8.- Coloca los envoltorios de ragú sobre una fuente de horno cubierta con un papel de hornear, silicona o simplemente engrasada, poniéndolos con el cierre hacia abajo. Úntalos con la mantequilla derretida y mételos en el horno ya caliente durante unos 20-25 minutos hasta que estén bien doraditos.

Notas: 1.- La boloñesa se puede hacer con un par de días de antelación y guardar en la nevera. También congela bien. Los paquetitos se pueden preparar con un par de horas, sin untar de mantequilla, y guardarlos bien tapados con film en la nevera.

2.- Para hacerlo vegano, no pongas huevo pero en el paso 5 diluye una cucharada rasa de fécula de patata o maicena en el líquido de hidratar las setas o, alternativamente, añade una cucharadita de salvado de avena. Sustituye la mantequilla por aceite de oliva y la pasta brick por filo.

3.- Para acompañar he puesto una ensalada muy normalita de rúcola con nueces y grana padano, nuevamente para apaciguar al carnívoro (yo). Para hacerla vegana, sustituye el queso por copos/escamas de levadura de cerveza.

4.- Con las hojas de brick es importante trabajar de una en una sin entretenernos mucho para que no se sequen. Sácalas del envoltorio a medida que las vas necesitando y ten el resto dentro del paquete o, si no puedes porque eres de las mías y lo has roto entero (¿¿¿abre-fácil???), tápalas con papel film mientras no las estés usando y pon encima del film un paño de cocina ligeramente humedecido.
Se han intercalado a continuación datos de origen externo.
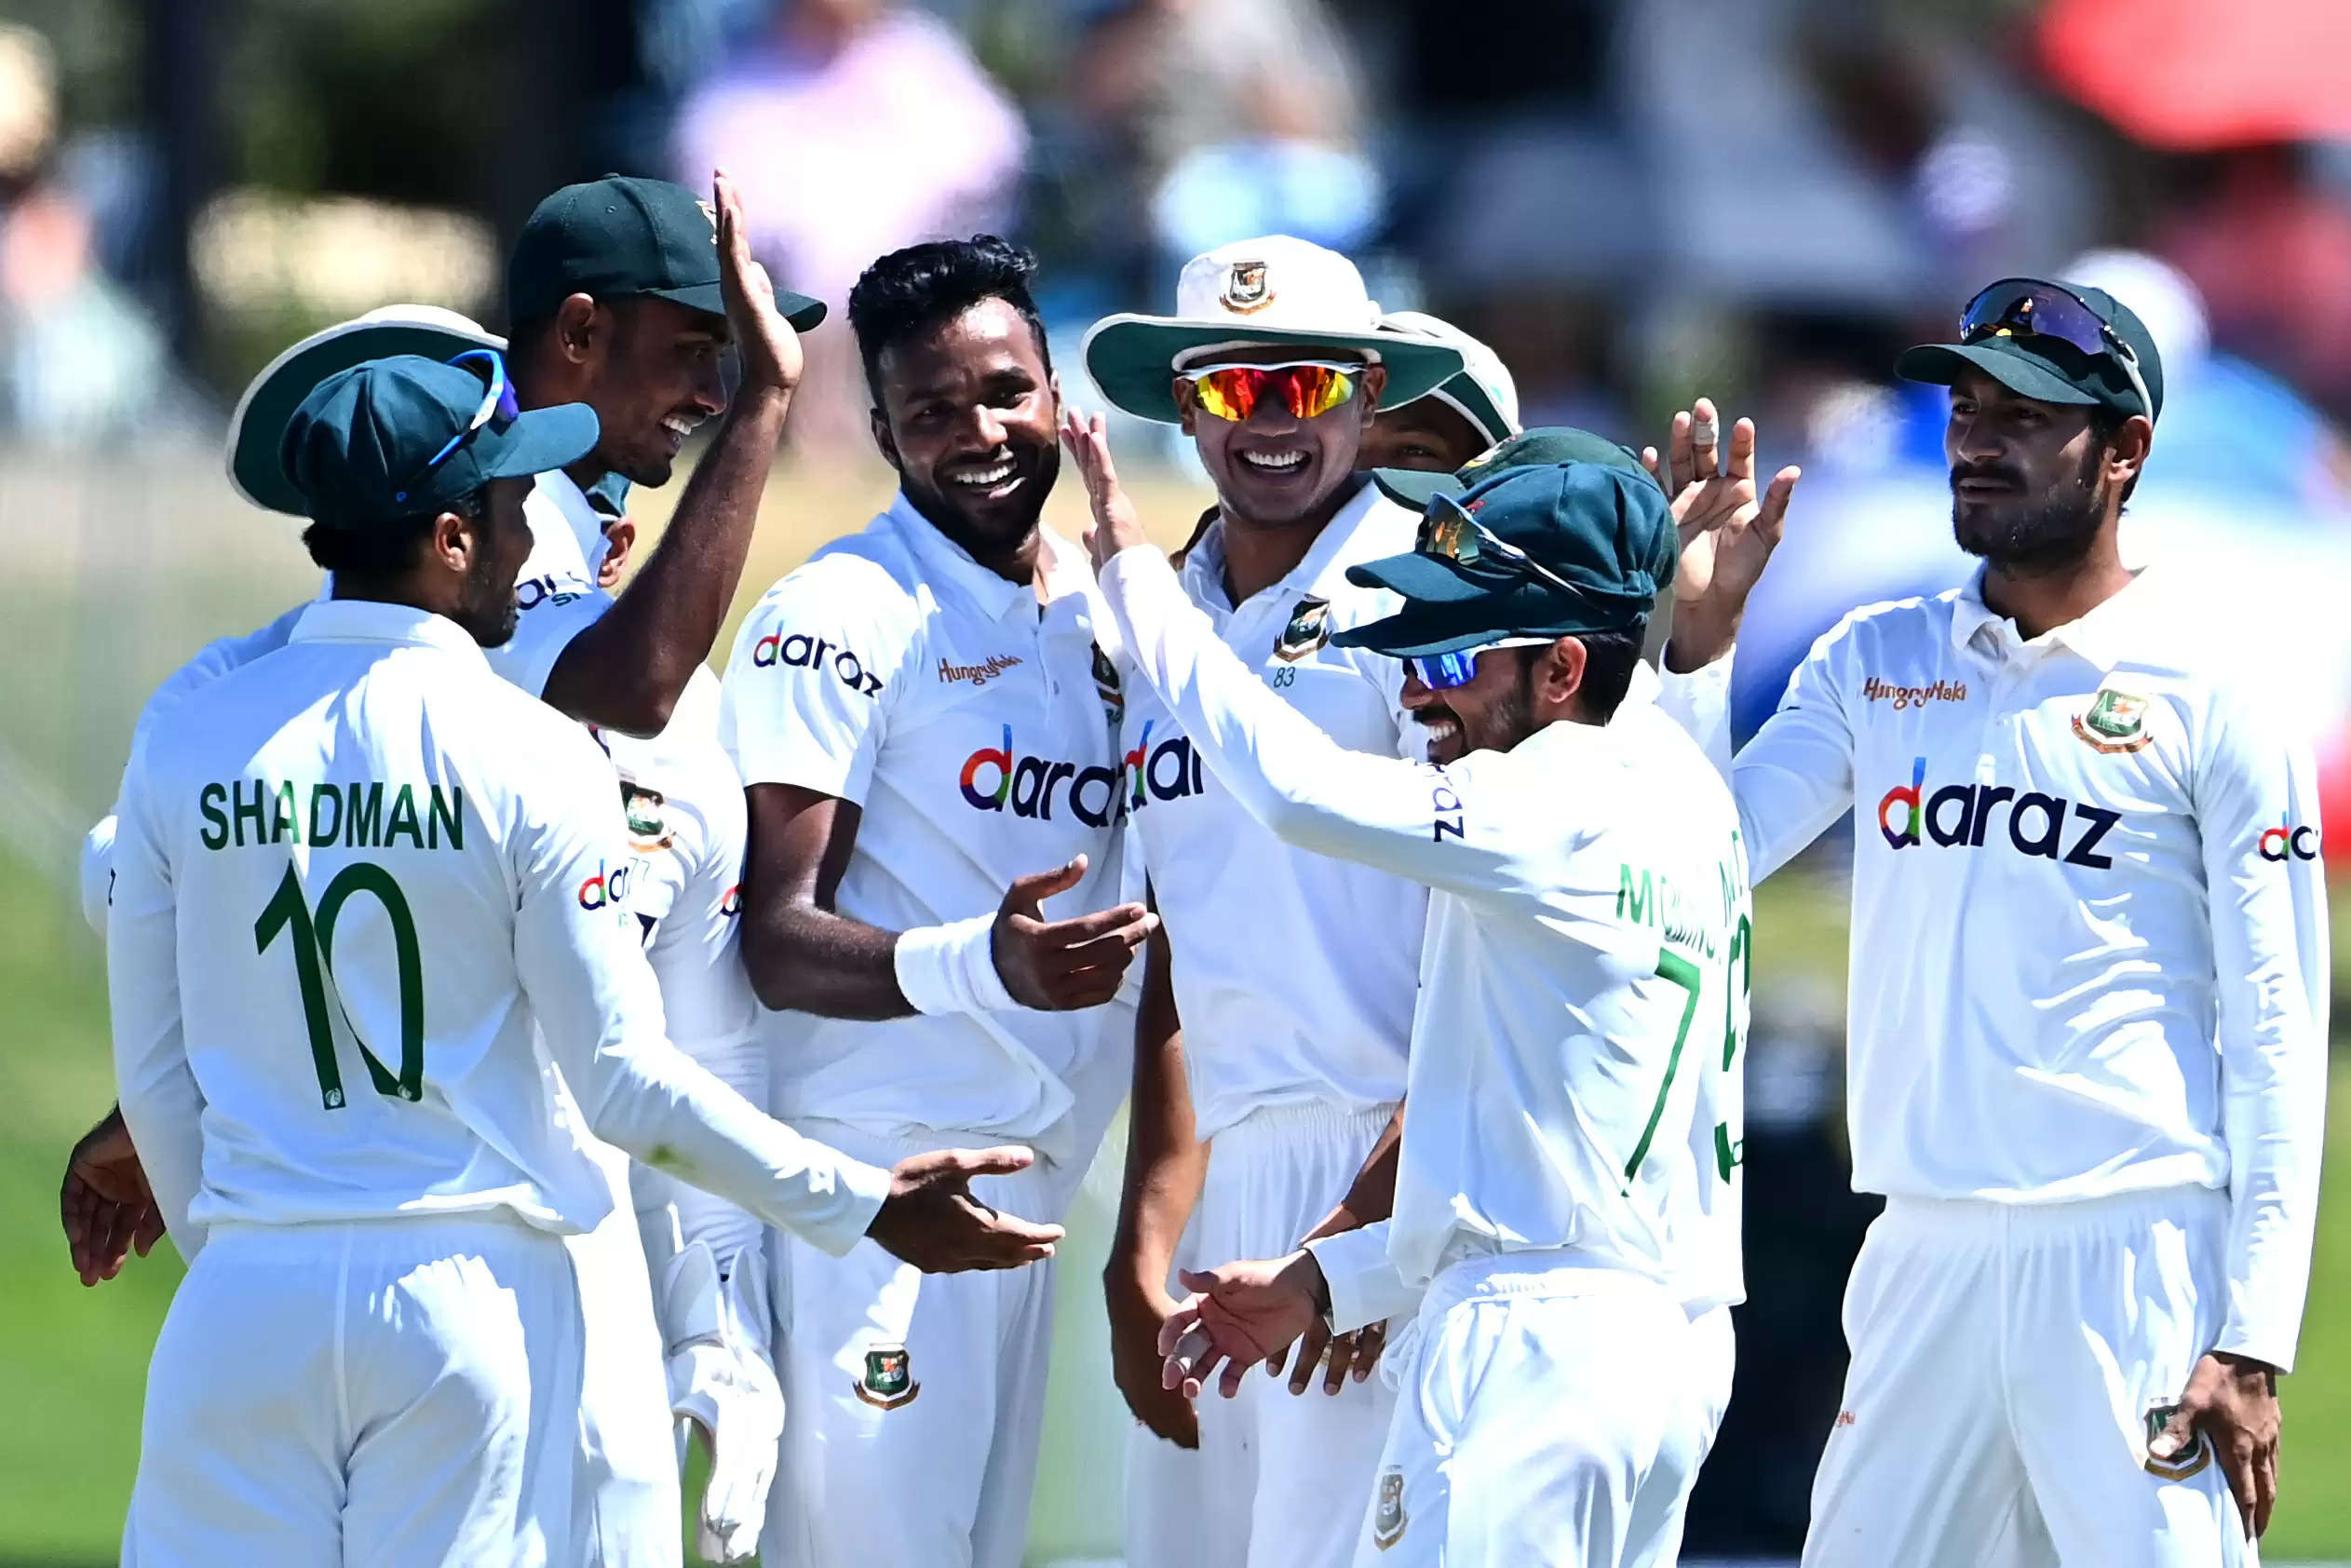 NZ v BAN: Records galore as Bangladesh clinch maiden Test win over New Zealand

TARTA DE CHOCOLATE Y NARANJA AMARGA

Otra tarta más para el repertorio y en este caso no voy a dar sustitutos para hacerla vegana porque habría que cambiar el postre entero y, además, creo que nos hemos ganado un poquito de decadencia. De todos modos, si tenéis mucho interés en la repostería vegana, no tenéis más que pedir porque tengo un par de recetas que encuentro buenas (eso sí, preparaos para ir a la tienda naturista a buscar ingredientes). Una recomendación antes de lanzaros a hacer esta tarta: nunca, nunca, nunca metáis a Pantaleón en vuestra cocina, que espere en el salón como un señor.

Ingredientes para un molde de 22cms

Base

  • 160g harina común
  • 30g azúcar glace
  • 20g cacao puro en polvo sin endulzar
  • 100g mantequilla muy fría en cuadritos
  • 60ml agua helada (aprox)

Relleno

  • 90g mermelada de naranja amarga, la usarás en dos fases (4 cucharadas soperas, más o menos)
  • 250g chocolate negro, que sea razonablemente bueno (uso Lindt para postres, 70% cacao)
  • 250ml nata de montar (35% materia grasa)
  • 40-80g mantequilla fría y en trocitos (al gusto, cuanta más se le ponga más brillará la ganache… y más engordará)
  • 40ml Grand Marnier, Cointreau o cualquier licor de naranja
  • Opcional para decorar: cacao puro en polvo y ralladura de naranja confitada

Procedimiento

1.- Comenzamos con la base, siguiendo el procedimiento que os expliqué aquí en la galette y que resumo brevemente, para hacer a máquina. Tened en cuenta que no es una masa quebrada, es menos grasienta y resulta más elástica y fácil de manejar pero se hace de forma similar: Se meten en el robot todos los ingredientes en polvo y se dan un par de golpes para mezclar. Incorporamos la mantequilla y se va dando potencia de forma esporádica de modo que se encienda y se apague como a golpes hasta que la mantequilla forme bolitas con la harina. Ojo: como esta masa tiene una proporción de mantequilla bastante menor que una masa quebrada no se verán tantas bolitas. Por último se añade el agua y se mezcla todo hasta que se amalgame (debería ser el agua justa, en cualquier caso más vale que sobre y no que falte, si ves que no se junta añade más). Se saca la masa del robot y se forma una bola que se envuelve muy holgadamente en papel film y a continuación la aplastamos hasta que el plástico quede tirante por los bordes, quedándonos con un disco grueso que pondremos a reposar en la nevera aproximadamente media hora.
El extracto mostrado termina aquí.